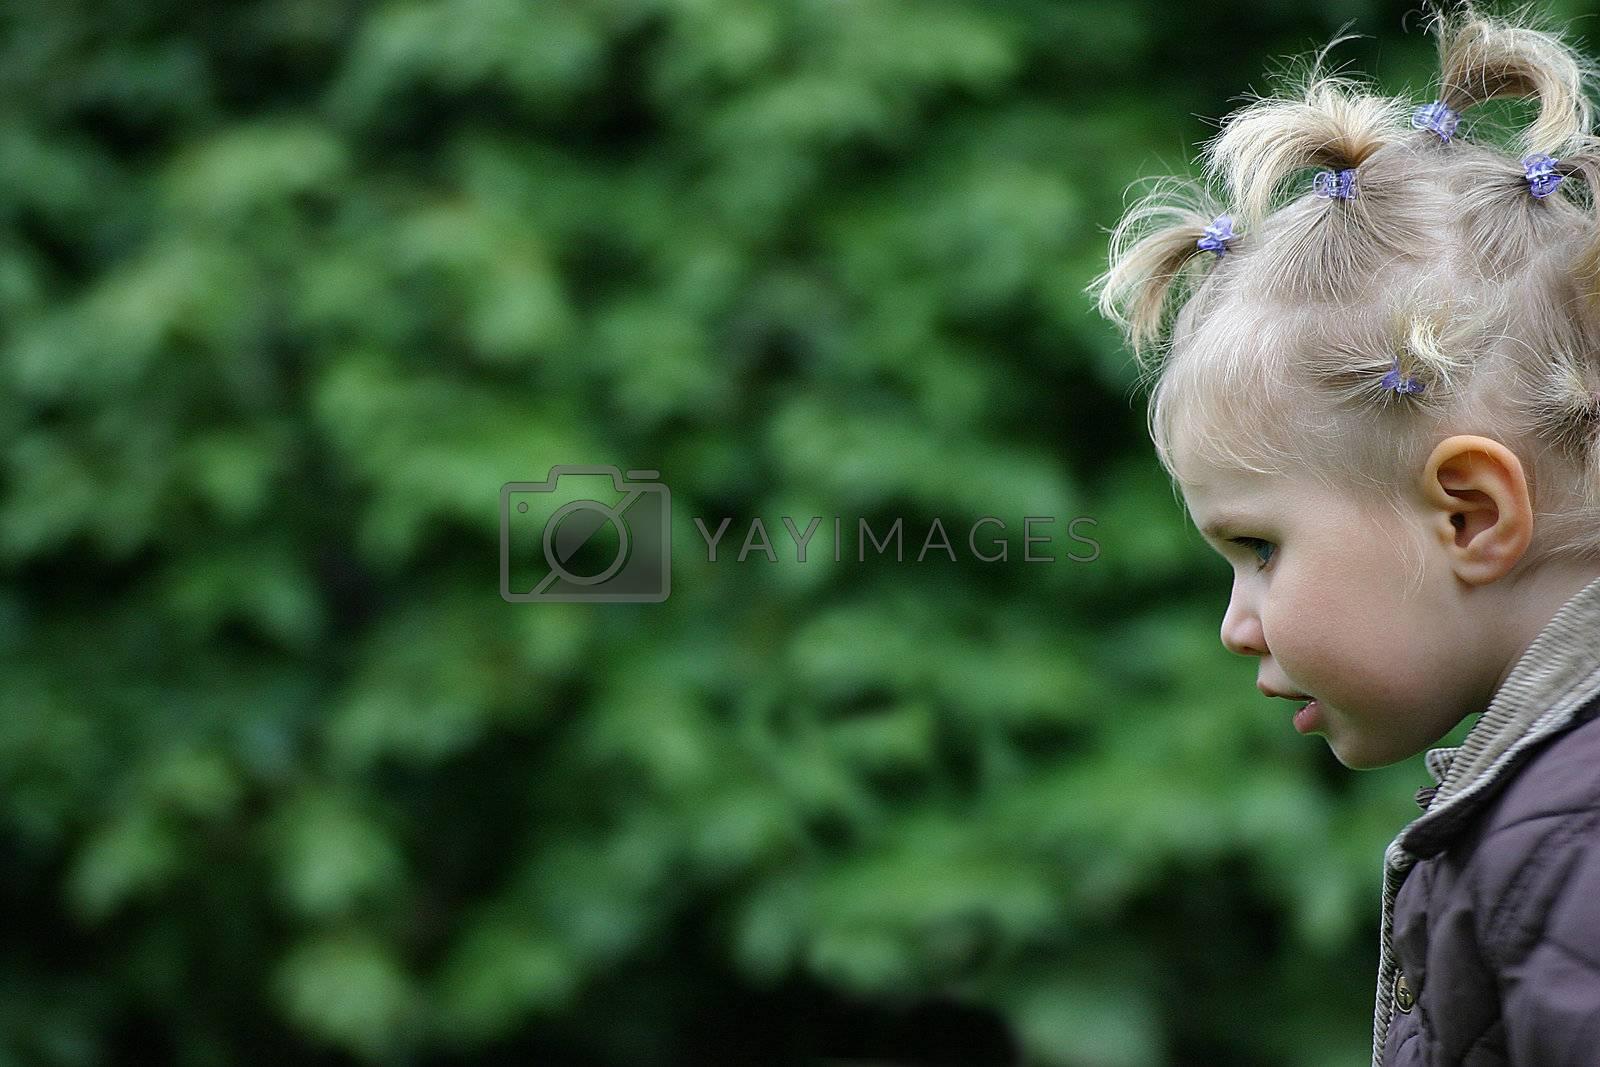 child's hair
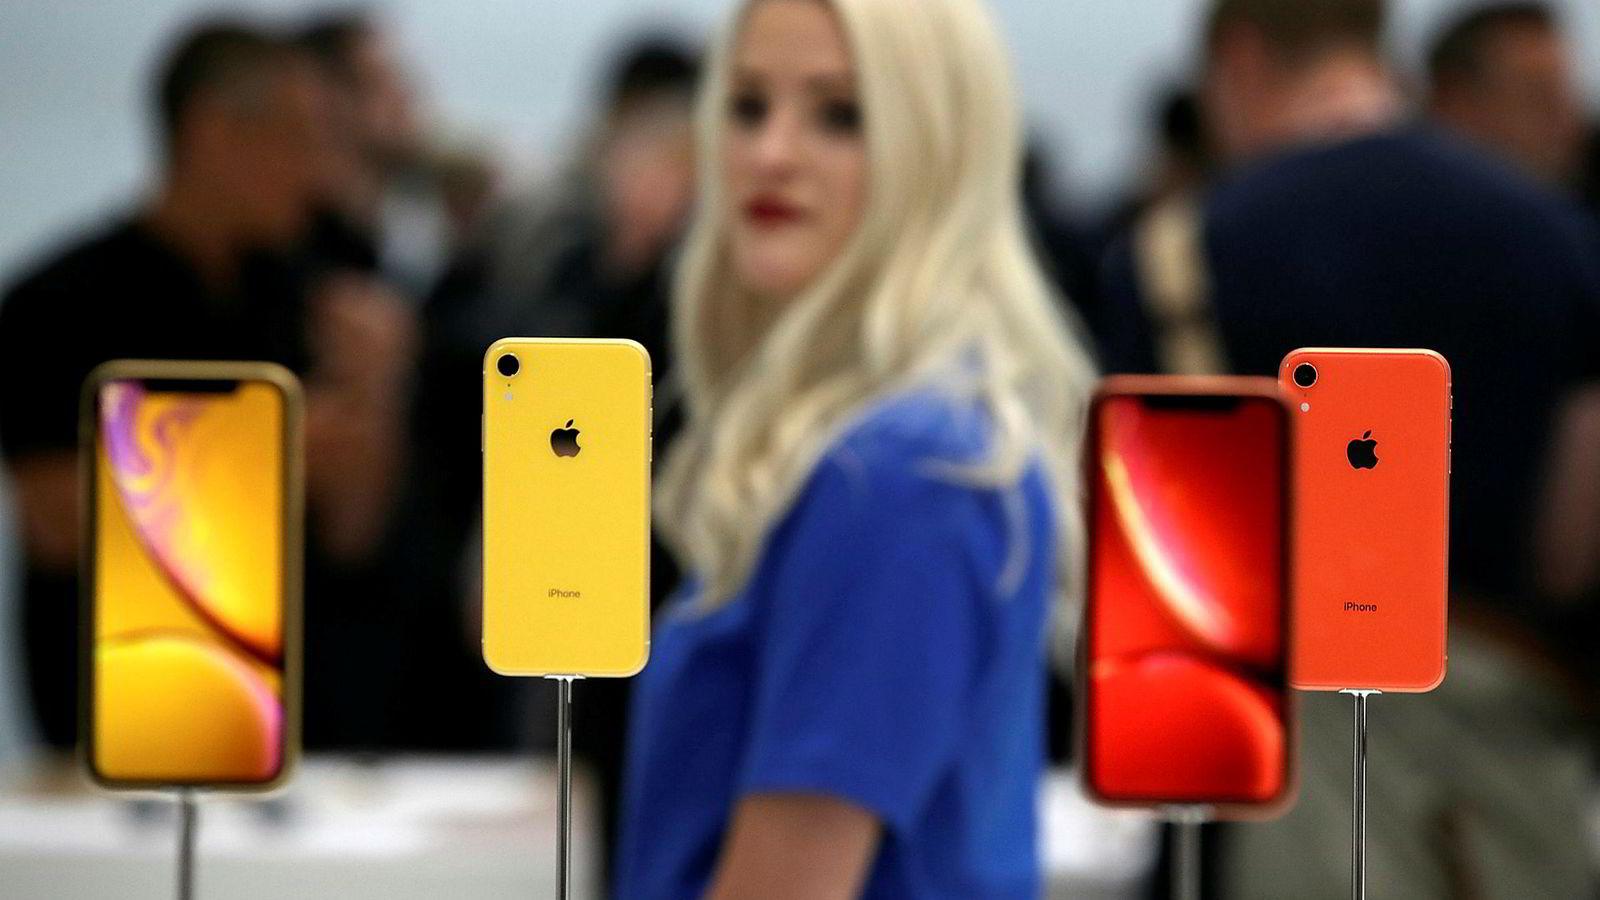 Denne uken lanserte Apple årets mobilmodeller, Mest oppmerksomhet fikk Iphone XR. For mange er Apple et klassisk eksempel på vellykket innovasjon i privat sektor. Men ifølge innovasjonsforskeren Mariana Mazzucato har det meste av innovasjoner som kjennetegner en smarttelefon sitt opphav i offentlig finansiert forskning.
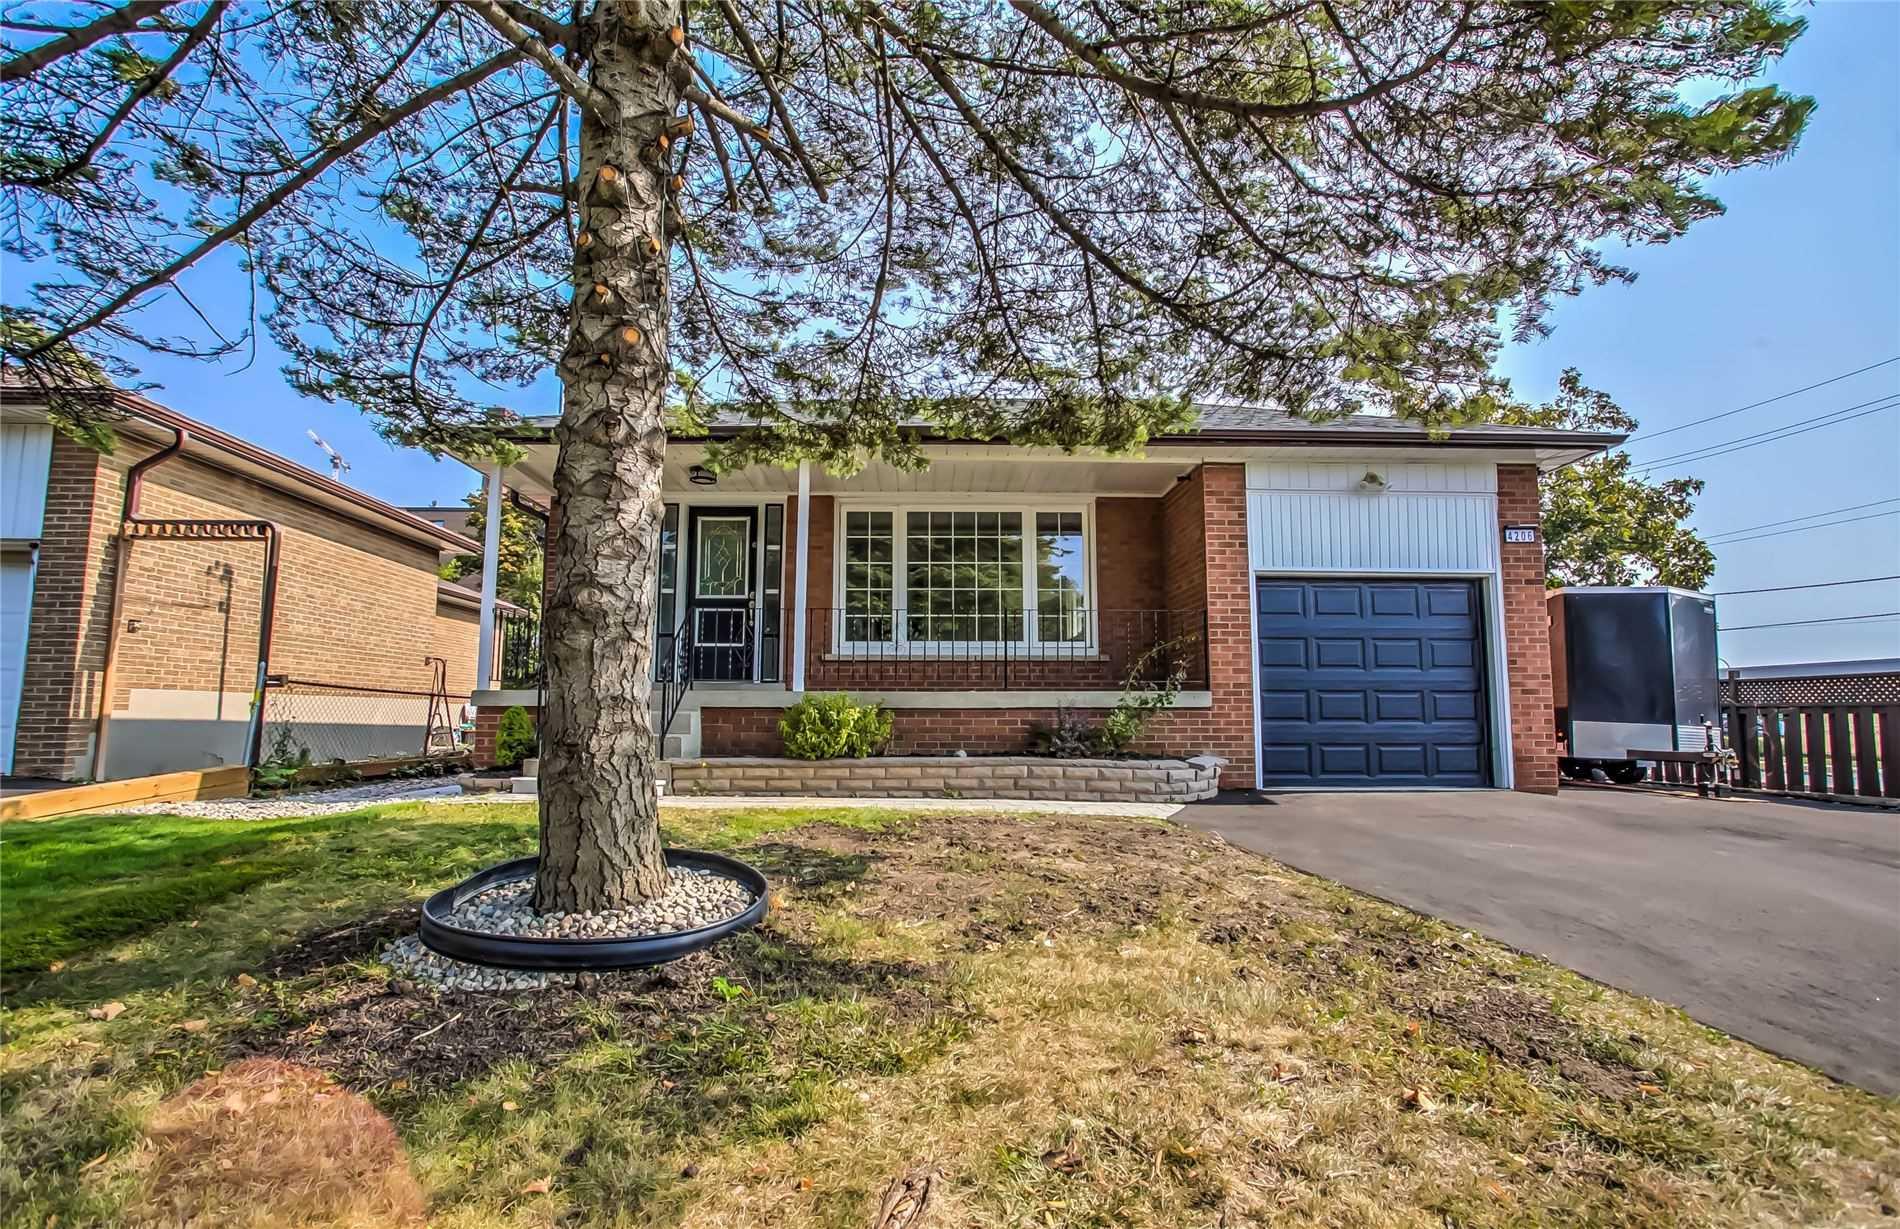 4206 Bloor St, Toronto, Ontario M9C1Z4, 3 Bedrooms Bedrooms, 5 Rooms Rooms,3 BathroomsBathrooms,Detached,For Sale,Bloor,W4927813

Aim of the task —
One exact copy of the data is required, and it should hold no pictures.

Exercise answer —
 child's hair
 Denne uken lanserte Apple årets mobilmodeller, Mest oppmerksomhet fikk Iphone XR. For mange er Apple et klassisk eksempel på vellykket innovasjon i privat sektor. Men ifølge innovasjonsforskeren Mariana Mazzucato har det meste av innovasjoner som kjennetegner en smarttelefon sitt opphav i offentlig finansiert forskning.
 4206 Bloor St, Toronto, Ontario M9C1Z4, 3 Bedrooms Bedrooms, 5 Rooms Rooms,3 BathroomsBathrooms,Detached,For Sale,Bloor,W4927813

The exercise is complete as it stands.